Admittance control is performed by the patient 2 on the exoskeleton 1 by means of the internal joint loop 49, and the progression of the patient's control over the exoskeleton 1 is achieved by:
- a selection of postural tasks and joints, under automatic postural loop, and respectively under patient control, through the proper choice of the matrices Ru,Rp;
- a modulation, in the control, of the patient contribution with respect to the automatic posture loop by the coefficient β.
This allows to differentiate several control modes, such as exoskeleton tutoring mode (no contribution from the patient 2), coordination mode (full contribution of the patient 2) or cooperation mode (partial contribution of the patient 2).
The use of neural networks to process the EMG signals SEMG according to muscle synergy theory allows to learn the patterns of the most significant postural tasks, and allows the patient 2 to perform multiple and complex tasks simultaneously, resulting in complex and coordinated motion.
The exoskeleton 1 can have applications both for rehabilitation and for walking, thanks to the co-training procedure that can either be repeated several times during the rehabilitation (to follow the progresses of the patient 2) or only once (the first time that the exoskeleton 1 is worn, to set the matrix factorization and NARX model in order to assure the best wearability of the exoskeleton 1).
A virtual reality condition can be provided by the exoskeleton 1 to the patient 2, to avoid the feel of lack of gravity.
The present solution allows to flexibly manage the interaction between the two loops.
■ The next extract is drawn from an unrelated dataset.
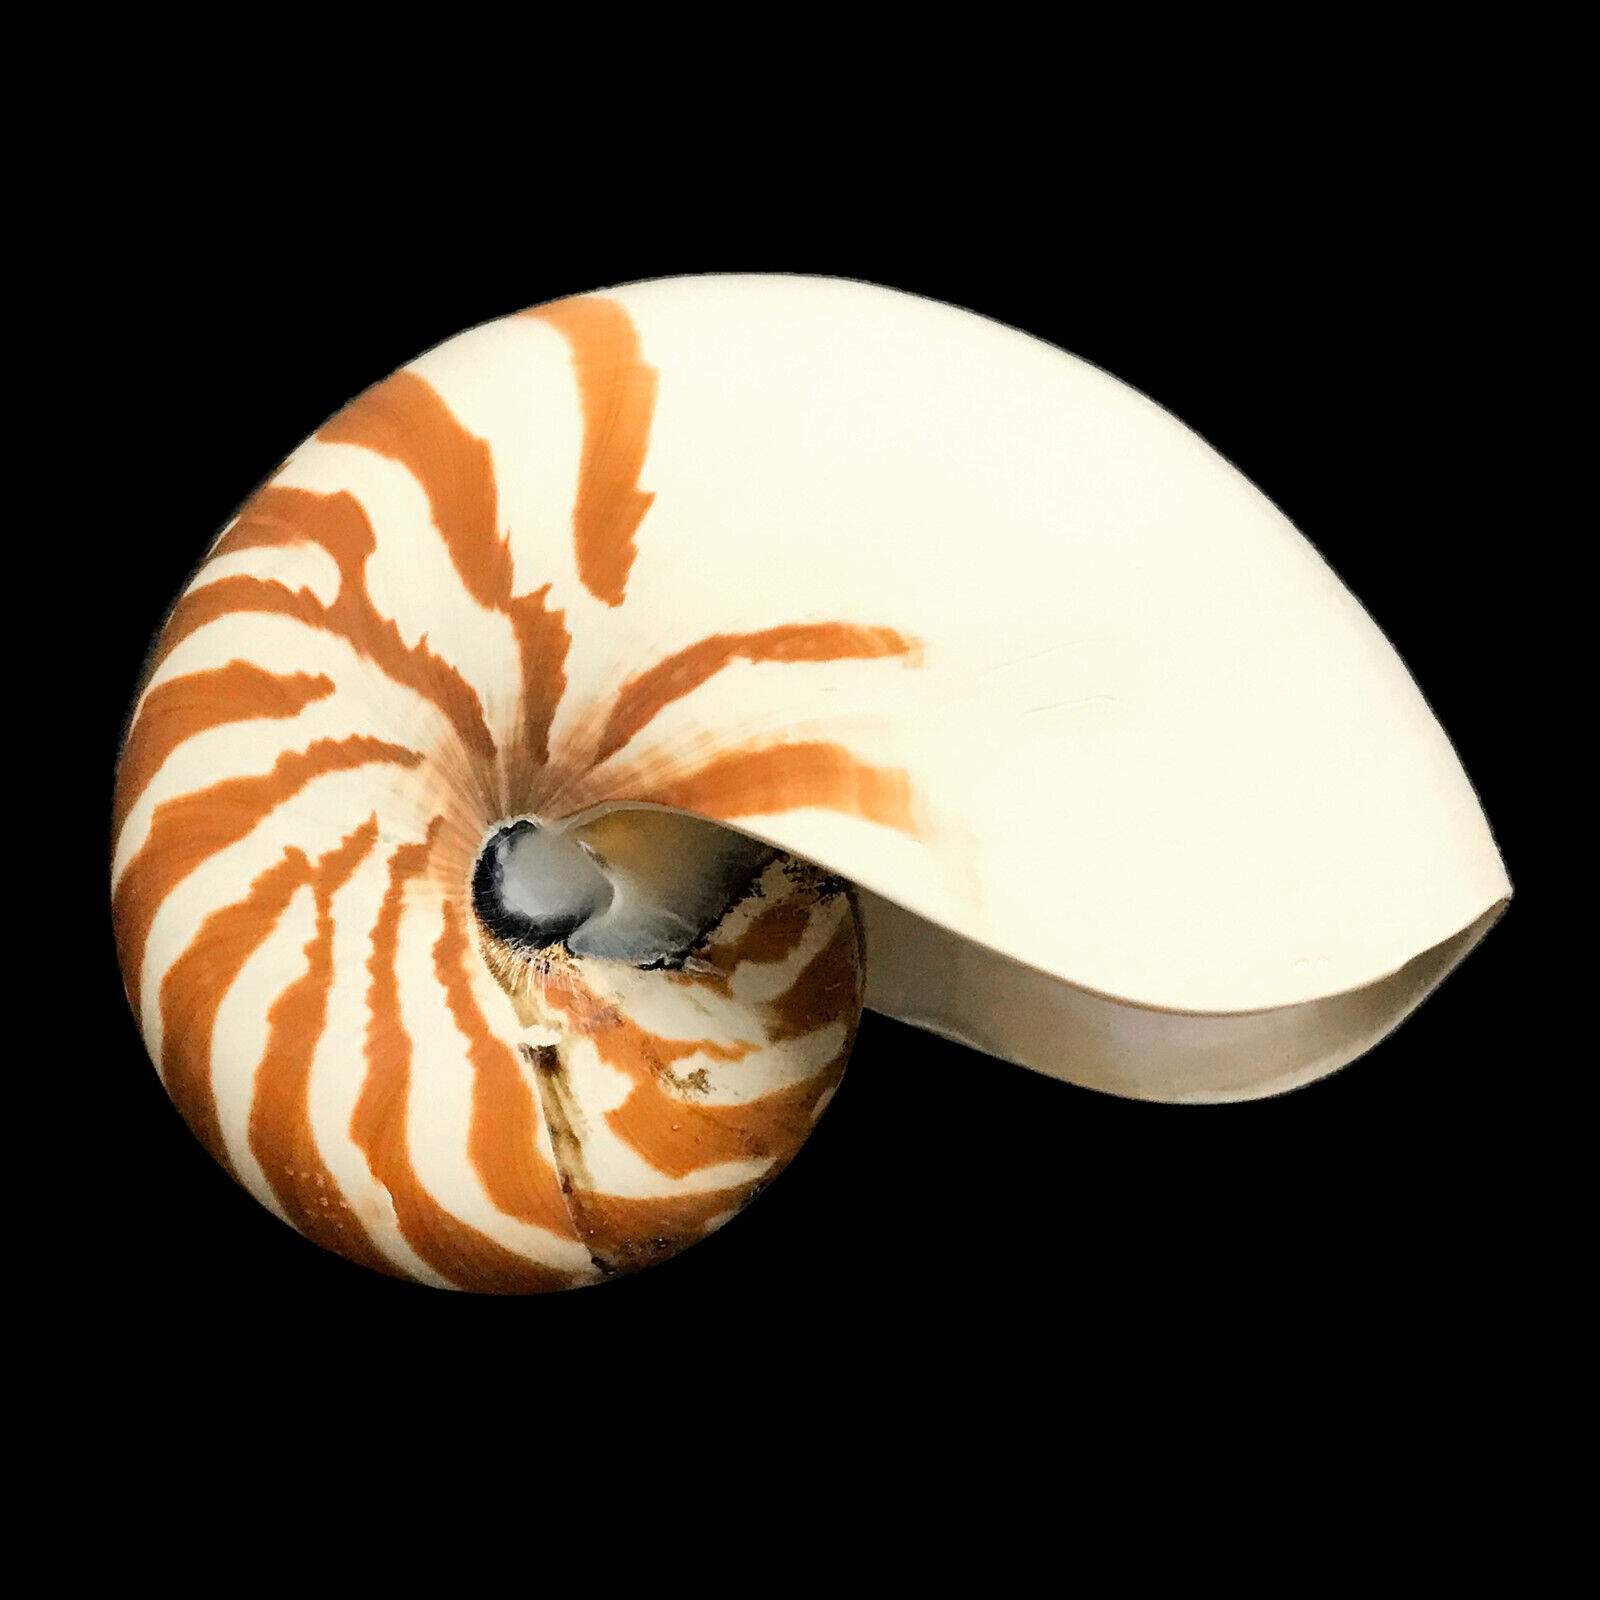 Chambered Nautilus Sea Shell Rare Natural Display Specimen

Moreover, in the admittance control the central role is transferred from the joints to the postural tasks. It is therefore possible to avoid controlling each joint separately by exploiting couples of antagonistic muscles, processing, vice versa, all biometric signals together through muscle synergies, recognizing the postural tasks from which, consequently, the control of all joints synergistically derives.
Finally, it is clear that modifications and variations may be made to what has been described and illustrated herein, without thereby departing from the scope of the present invention, as defined in the annexed claims.
In particular, it is clear that the control system could in principle be used (with suitable modifications) for controlling the movement also of the upper limbs or other parts of the body.
Moreover, the intention of movement of the patient may also be determined from other biological measures; for example, the intention of movement may be determined directly or indirectly based on measures of joint angles and forces exchanged between the patient and the exoskeleton frame structure.